Job Description:
We are seeking an experienced engineer who brings two distinct skill sets: AI/ML (Computer Vision) - owning the training, testing, and tuning of vision-based models for live camera-feed monitoring; and Native Android Development - developing and shipping a production Android app that talks to our cloud. You will partner with the deployment team to align models with their scaling/runtime constraints, work with the maintenance team to maintain and upgrade models.
Key Responsibilities
Design, train, evaluate, and tune computer vision models (detection, classification, segmentation, tracking) for live video and multi-camera use cases, including dataset curation, training/validation/testing pipelines, and rigorous benchmarking on accuracy, latency, and throughput.

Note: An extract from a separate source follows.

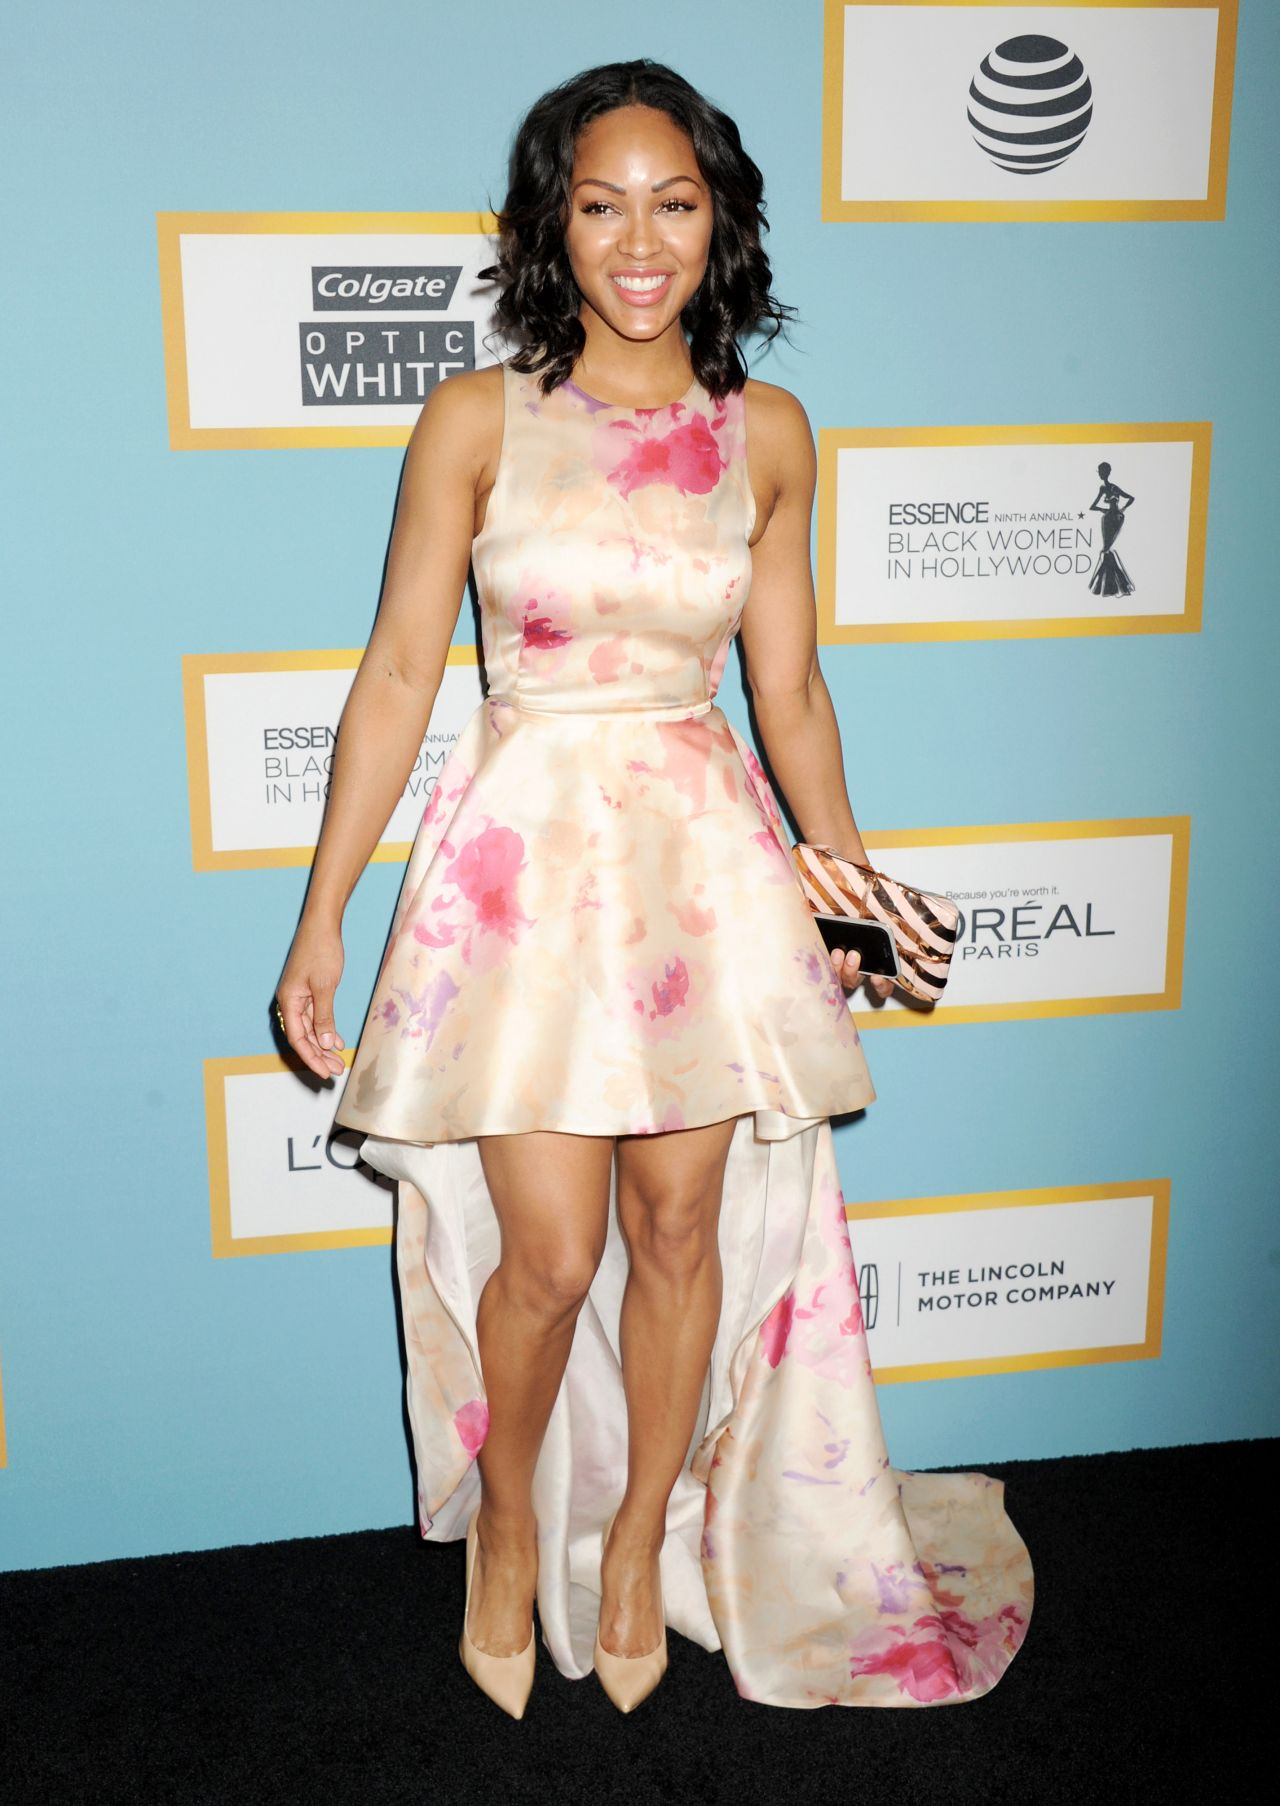 Essence Hollywood Issue Meagan Good Essence Black Women In Hollywood Awards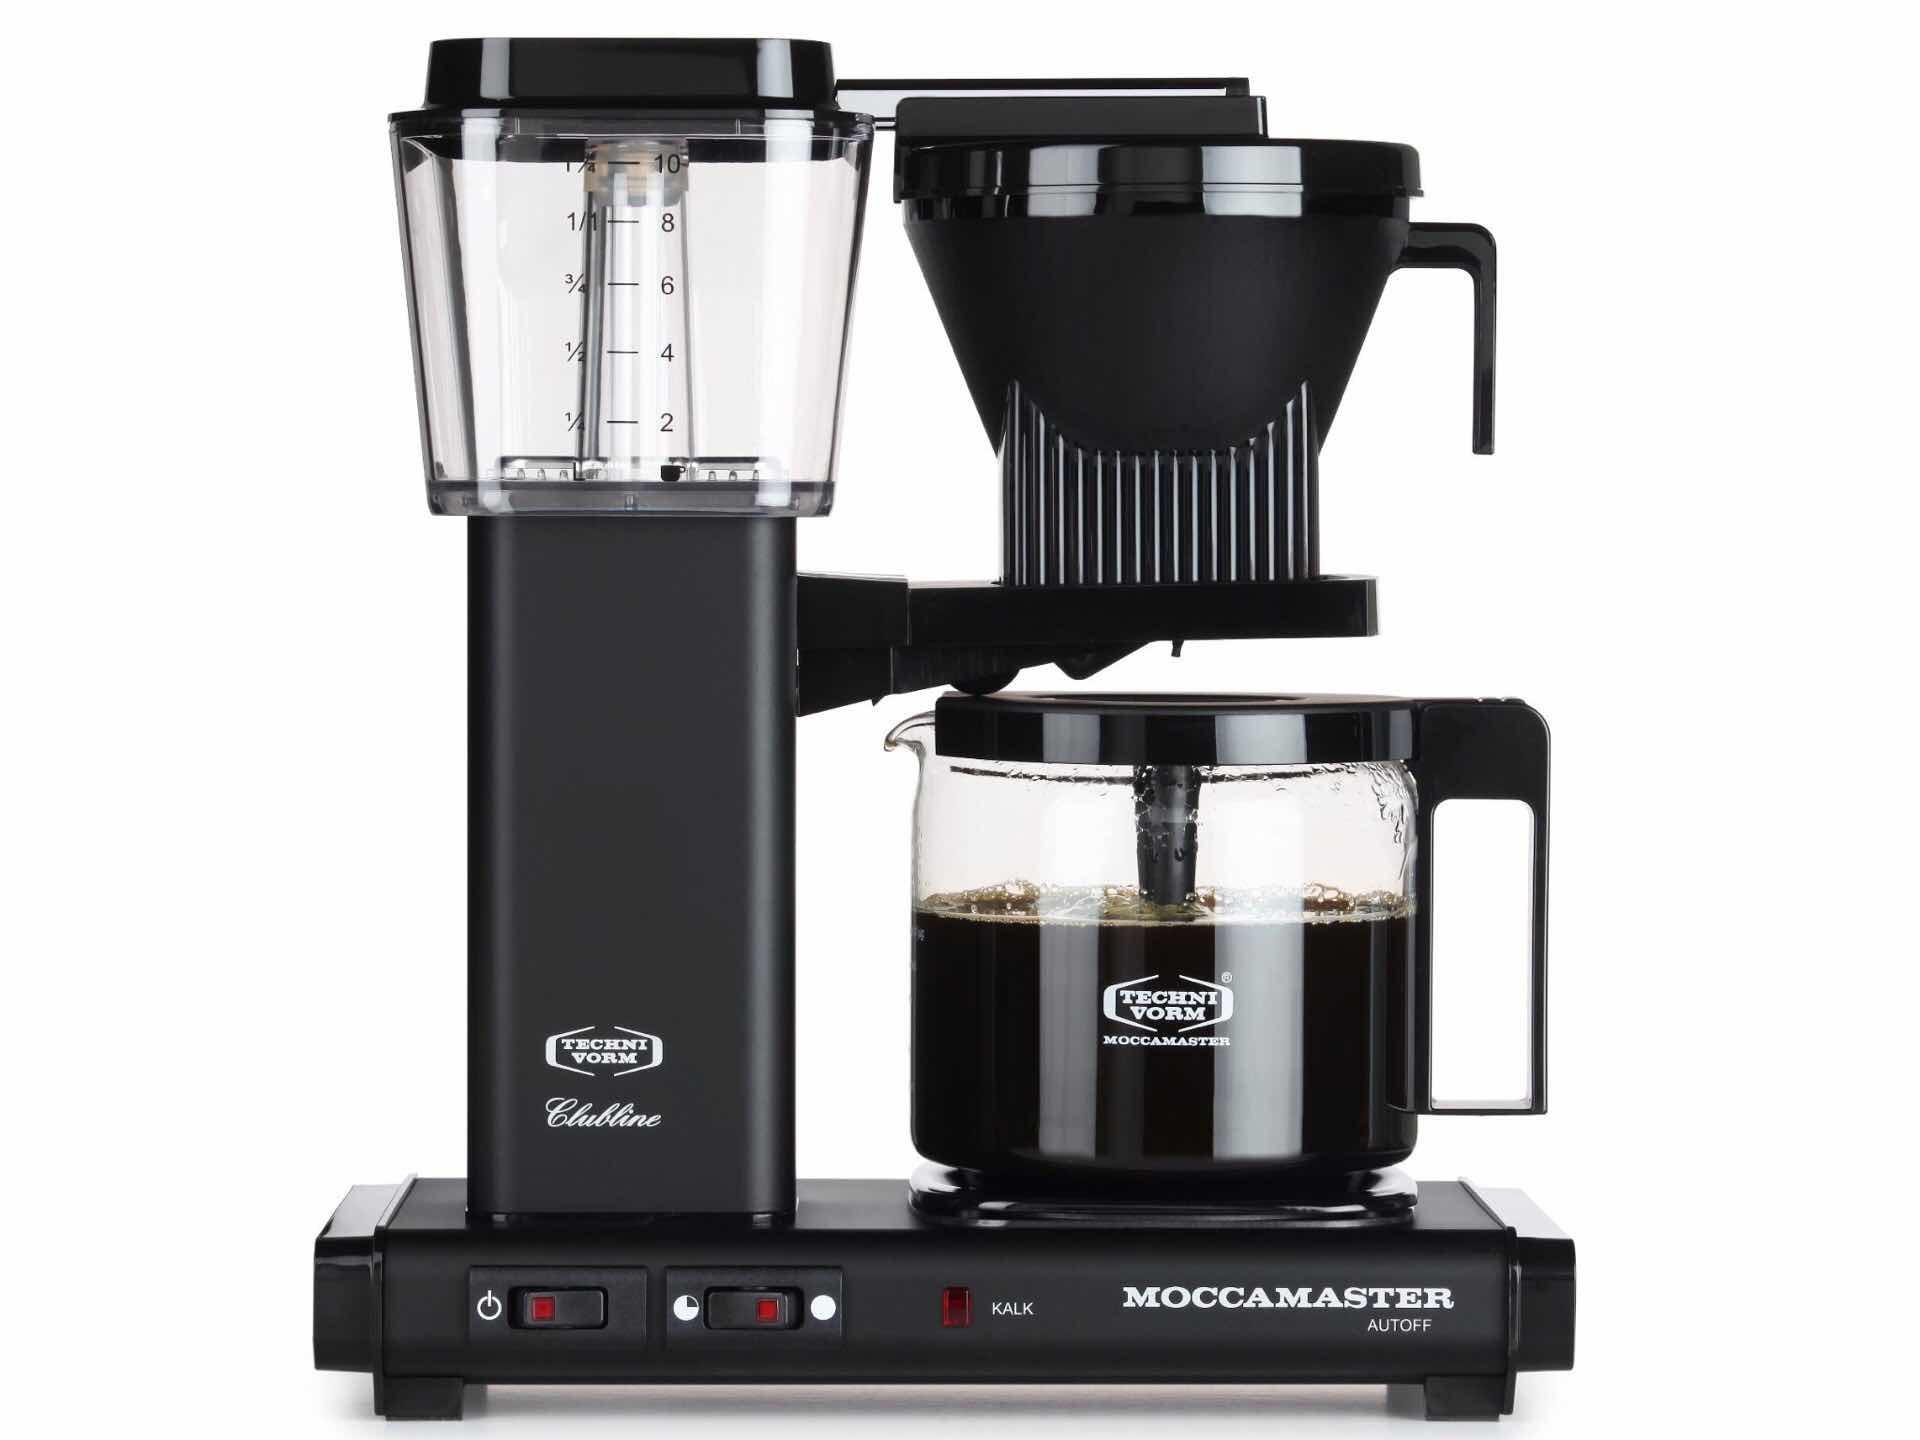 The Technivorm Moccamaster KBG drip coffee maker in matte black. ($329)

Optimize models (architecture, quantization, pruning, distillation) to meet deployment and scaling constraints provided by the deployment team; re-tune or re-architect when those constraints change.
Partner with the operations team to maintain and upgrade models in production — triage regressions, refresh on new data, address drift, and ship improved versions.
Design, build, and ship a native Android application (Kotlin, Jetpack Compose, MVVM/Clean Architecture, Hilt, Coroutines/Flow, Room, WorkManager) that interacts with our cloud backend.
Build secure cloud integration: REST/gRPC, OAuth2/JWT, TLS, FCM push, and offline-first sync; handle Android runtime permissions and background execution correctly.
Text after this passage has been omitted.